> _What to work on_
Between the line containing "Washington rinde homenaje a El Greco" and the line containing "SAT, Ministerialprotokoller, klokkerbøker" lies a run of lines; give that run again exactly, with both of those lines, and nothing else from the entries below.

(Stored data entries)

━━━━━━━━━━━━━━━━━━━━

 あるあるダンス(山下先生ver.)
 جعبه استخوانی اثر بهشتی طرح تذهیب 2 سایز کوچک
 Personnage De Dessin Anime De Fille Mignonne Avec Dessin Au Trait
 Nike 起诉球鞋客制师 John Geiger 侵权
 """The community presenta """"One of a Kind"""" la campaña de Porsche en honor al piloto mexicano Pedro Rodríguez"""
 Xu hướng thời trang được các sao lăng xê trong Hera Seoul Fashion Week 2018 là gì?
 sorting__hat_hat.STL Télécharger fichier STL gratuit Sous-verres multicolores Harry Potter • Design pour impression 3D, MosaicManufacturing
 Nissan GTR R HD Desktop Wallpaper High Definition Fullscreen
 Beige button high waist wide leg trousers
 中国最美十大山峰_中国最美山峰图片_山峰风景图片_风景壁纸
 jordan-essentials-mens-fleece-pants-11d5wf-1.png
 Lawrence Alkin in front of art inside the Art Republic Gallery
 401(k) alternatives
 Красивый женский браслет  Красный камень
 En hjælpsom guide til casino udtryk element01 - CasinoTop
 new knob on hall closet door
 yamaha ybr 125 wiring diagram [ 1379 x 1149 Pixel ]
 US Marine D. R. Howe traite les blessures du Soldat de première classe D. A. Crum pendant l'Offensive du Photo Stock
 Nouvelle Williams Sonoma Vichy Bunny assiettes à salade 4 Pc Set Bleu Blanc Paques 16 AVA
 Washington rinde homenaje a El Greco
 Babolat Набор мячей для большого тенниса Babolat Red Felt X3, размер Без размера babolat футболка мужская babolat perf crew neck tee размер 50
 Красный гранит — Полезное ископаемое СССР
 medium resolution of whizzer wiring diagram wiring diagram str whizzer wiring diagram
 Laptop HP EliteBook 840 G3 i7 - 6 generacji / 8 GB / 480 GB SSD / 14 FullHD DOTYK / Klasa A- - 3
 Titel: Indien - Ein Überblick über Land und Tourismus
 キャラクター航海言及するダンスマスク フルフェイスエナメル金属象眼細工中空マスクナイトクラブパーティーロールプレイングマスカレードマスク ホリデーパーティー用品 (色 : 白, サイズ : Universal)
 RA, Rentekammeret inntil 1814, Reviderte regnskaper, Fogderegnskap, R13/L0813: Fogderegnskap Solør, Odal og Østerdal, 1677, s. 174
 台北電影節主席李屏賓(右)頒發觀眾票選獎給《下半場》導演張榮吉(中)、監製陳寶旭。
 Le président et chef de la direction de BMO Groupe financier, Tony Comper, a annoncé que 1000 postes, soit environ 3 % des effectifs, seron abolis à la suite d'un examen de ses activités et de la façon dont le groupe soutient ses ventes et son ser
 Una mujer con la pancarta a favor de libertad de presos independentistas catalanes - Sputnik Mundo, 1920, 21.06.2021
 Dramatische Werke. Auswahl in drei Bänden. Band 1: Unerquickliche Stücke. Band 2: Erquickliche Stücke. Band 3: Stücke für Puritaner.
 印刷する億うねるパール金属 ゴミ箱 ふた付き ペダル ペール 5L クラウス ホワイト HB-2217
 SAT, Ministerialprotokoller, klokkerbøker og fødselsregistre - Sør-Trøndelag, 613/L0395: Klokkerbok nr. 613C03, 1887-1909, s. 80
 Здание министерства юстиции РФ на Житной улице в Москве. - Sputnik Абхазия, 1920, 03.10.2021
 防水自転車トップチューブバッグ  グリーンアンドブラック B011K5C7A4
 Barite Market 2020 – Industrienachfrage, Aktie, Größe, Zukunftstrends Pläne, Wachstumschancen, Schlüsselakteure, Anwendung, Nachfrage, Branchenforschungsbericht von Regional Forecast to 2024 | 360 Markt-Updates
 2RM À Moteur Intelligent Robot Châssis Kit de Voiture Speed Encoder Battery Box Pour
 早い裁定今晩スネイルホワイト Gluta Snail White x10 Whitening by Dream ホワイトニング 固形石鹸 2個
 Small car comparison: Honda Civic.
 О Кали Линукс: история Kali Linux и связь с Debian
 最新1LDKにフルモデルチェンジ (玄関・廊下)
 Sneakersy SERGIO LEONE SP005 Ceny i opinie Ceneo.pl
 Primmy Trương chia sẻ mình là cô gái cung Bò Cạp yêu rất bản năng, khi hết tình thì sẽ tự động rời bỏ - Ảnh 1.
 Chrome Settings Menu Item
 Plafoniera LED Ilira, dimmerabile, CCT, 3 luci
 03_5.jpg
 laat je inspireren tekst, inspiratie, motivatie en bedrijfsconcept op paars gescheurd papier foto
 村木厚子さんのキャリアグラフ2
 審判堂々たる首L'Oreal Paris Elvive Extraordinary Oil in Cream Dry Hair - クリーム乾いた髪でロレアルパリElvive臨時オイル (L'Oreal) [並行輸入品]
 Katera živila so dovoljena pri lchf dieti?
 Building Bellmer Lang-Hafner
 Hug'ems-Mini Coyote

━━━━━━━━━━━━━━━━━━━━

> _Output of the exercise_
 Washington rinde homenaje a El Greco
 Babolat Набор мячей для большого тенниса Babolat Red Felt X3, размер Без размера babolat футболка мужская babolat perf crew neck tee размер 50
 Красный гранит — Полезное ископаемое СССР
 medium resolution of whizzer wiring diagram wiring diagram str whizzer wiring diagram
 Laptop HP EliteBook 840 G3 i7 - 6 generacji / 8 GB / 480 GB SSD / 14 FullHD DOTYK / Klasa A- - 3
 Titel: Indien - Ein Überblick über Land und Tourismus
 キャラクター航海言及するダンスマスク フルフェイスエナメル金属象眼細工中空マスクナイトクラブパーティーロールプレイングマスカレードマスク ホリデーパーティー用品 (色 : 白, サイズ : Universal)
 RA, Rentekammeret inntil 1814, Reviderte regnskaper, Fogderegnskap, R13/L0813: Fogderegnskap Solør, Odal og Østerdal, 1677, s. 174
 台北電影節主席李屏賓(右)頒發觀眾票選獎給《下半場》導演張榮吉(中)、監製陳寶旭。
 Le président et chef de la direction de BMO Groupe financier, Tony Comper, a annoncé que 1000 postes, soit environ 3 % des effectifs, seron abolis à la suite d'un examen de ses activités et de la façon dont le groupe soutient ses ventes et son ser
 Una mujer con la pancarta a favor de libertad de presos independentistas catalanes - Sputnik Mundo, 1920, 21.06.2021
 Dramatische Werke. Auswahl in drei Bänden. Band 1: Unerquickliche Stücke. Band 2: Erquickliche Stücke. Band 3: Stücke für Puritaner.
 印刷する億うねるパール金属 ゴミ箱 ふた付き ペダル ペール 5L クラウス ホワイト HB-2217
 SAT, Ministerialprotokoller, klokkerbøker og fødselsregistre - Sør-Trøndelag, 613/L0395: Klokkerbok nr. 613C03, 1887-1909, s. 80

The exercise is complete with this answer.